Let $\mathbb F_2^n$ be the $n$-dimensional vector space built on-top of $\mathbb F_2$, the field with the elements $0,1$ and the addition and multiplication modulo 2. Let $b\in\mathbb F_2$ (in the practical scenario the value of $b$ indicates whether we use a cyclical or a logical shift).

My conjecture is now that the following matrix is invertible iff $b=0$: \begin{pmatrix} 1&0&0&\cdots&0&b\\ 1&1&0&\cdots&0&0\\ 0&1&1&\cdots&0&0\\ \vdots&\vdots&\vdots&\ddots&\vdots&\vdots\\ 0&0&0&\cdots&1&1 \end{pmatrix}

Textually the matrix is the all-zero matrix with the top-right entry holding the value $b$, the diagonal being all-ones and each entry below the diagonal (if it exists) being $1$ as well.

My question is now, can this above conjecture be (easily?) proven and if so how?

I have empirically verified the above conjecture for $n=2,3,4$ but have no idea how to prove it in all generality.

• Is it not possible for you to compute the determinant inductively? – Pedro Tamaroff Mar 1 '18 at 20:09
• @PedroTamaroff while I see the idea, I think I completely lack the mathematical toolkit to make a proof using induction over $n$ as this would seem to bring myriads of other difficult (?) matrices when using laplace's theorem (?) to compute the new determinant in the induction step :( (And Laplace's theorem (?) is the only one I know that would remotely support something like this) – SEJPM Mar 1 '18 at 20:43

Following up on the determinant comment, note that by expanding through the first row, where I omit signs since you are in $\mathbb F_2$:

$$\left| \begin{matrix} 1&0&0&\cdots&0&b\\ 1&1&0&\cdots&0&0\\ 0&1&1&\cdots&0&0\\ \vdots&\vdots&\vdots&\ddots&\vdots&\vdots\\ 0&0&0&\cdots&1&1 \end{matrix} \right|= \left| \begin{matrix} 1&0&\cdots&0&0\\ 1&1&\cdots&0&0\\ \vdots&\vdots&\ddots&\vdots&\vdots\\ 0&0&\cdots&1&1 \end{matrix}\right|+b \left|\begin{matrix} 1&1&0&\cdots&0\\ 0&1&1&\cdots&0\\ \vdots&\vdots&\vdots&\ddots&\vdots\\ 0&0&0&\cdots&1 \end{matrix}\right| =1+b$$ since the two matrices to the right are upper and lower triangular.
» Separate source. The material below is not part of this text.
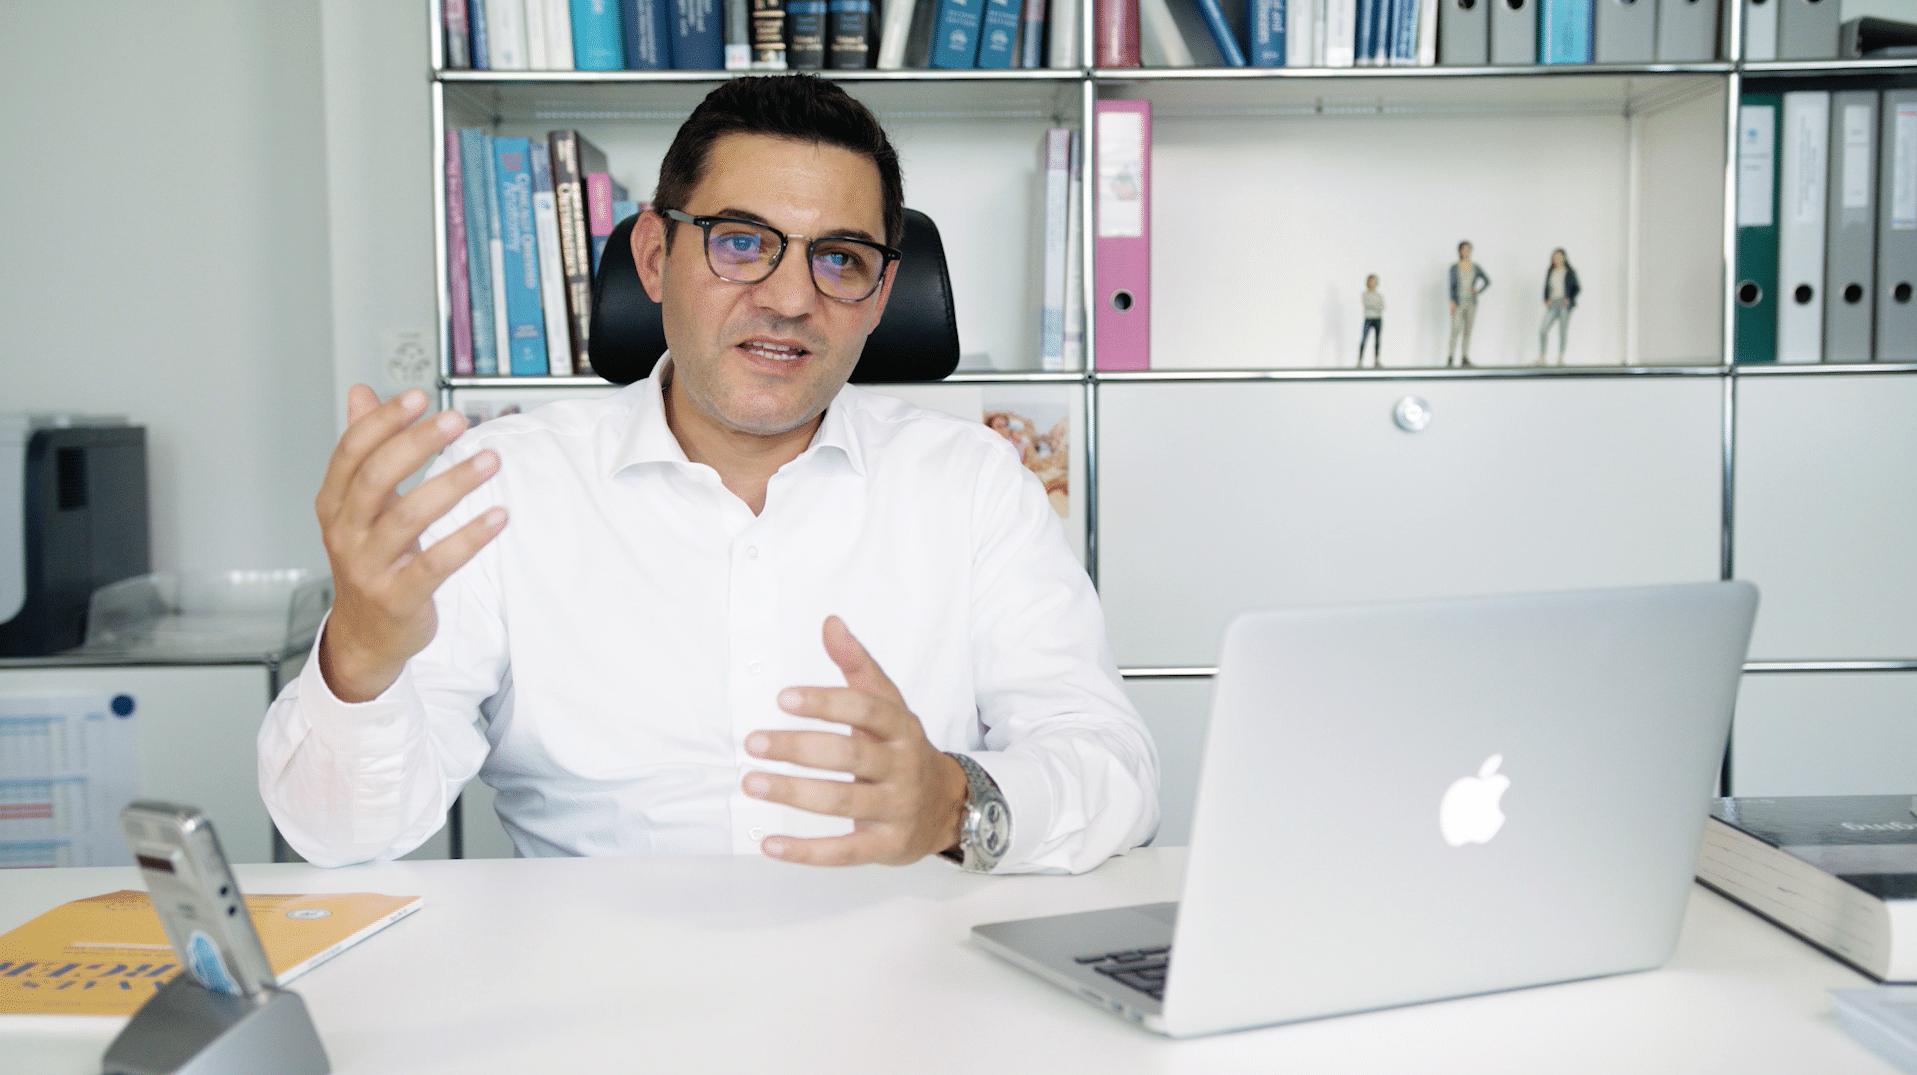 Prof. Dr. med Antonio Nocito am Laptop

This means that your matrix has $0$ determinant if and only if $b=1$, as you wanted.

• Wow, this was way simpler than I expected. Particularly because I forgot that the $0$ will kill all but two terms in the laplace expansion. – SEJPM Mar 1 '18 at 21:08

When $b=1 \; \; : \; \;$Over the rational or real field, there is an eigenvalue of $2$ with eigenvector all entries equal to $1.$ However, over the field of two elements, the same eigenvector has eigenvalue $0.$

if you subtract off the identity matrix, you have a "companion matrix" for $x^n - b.$ Now that I think of it, $x^n - b$ is also the minimal polynomial for this revised matrix; whatever $b,$ we have a single Jordan block.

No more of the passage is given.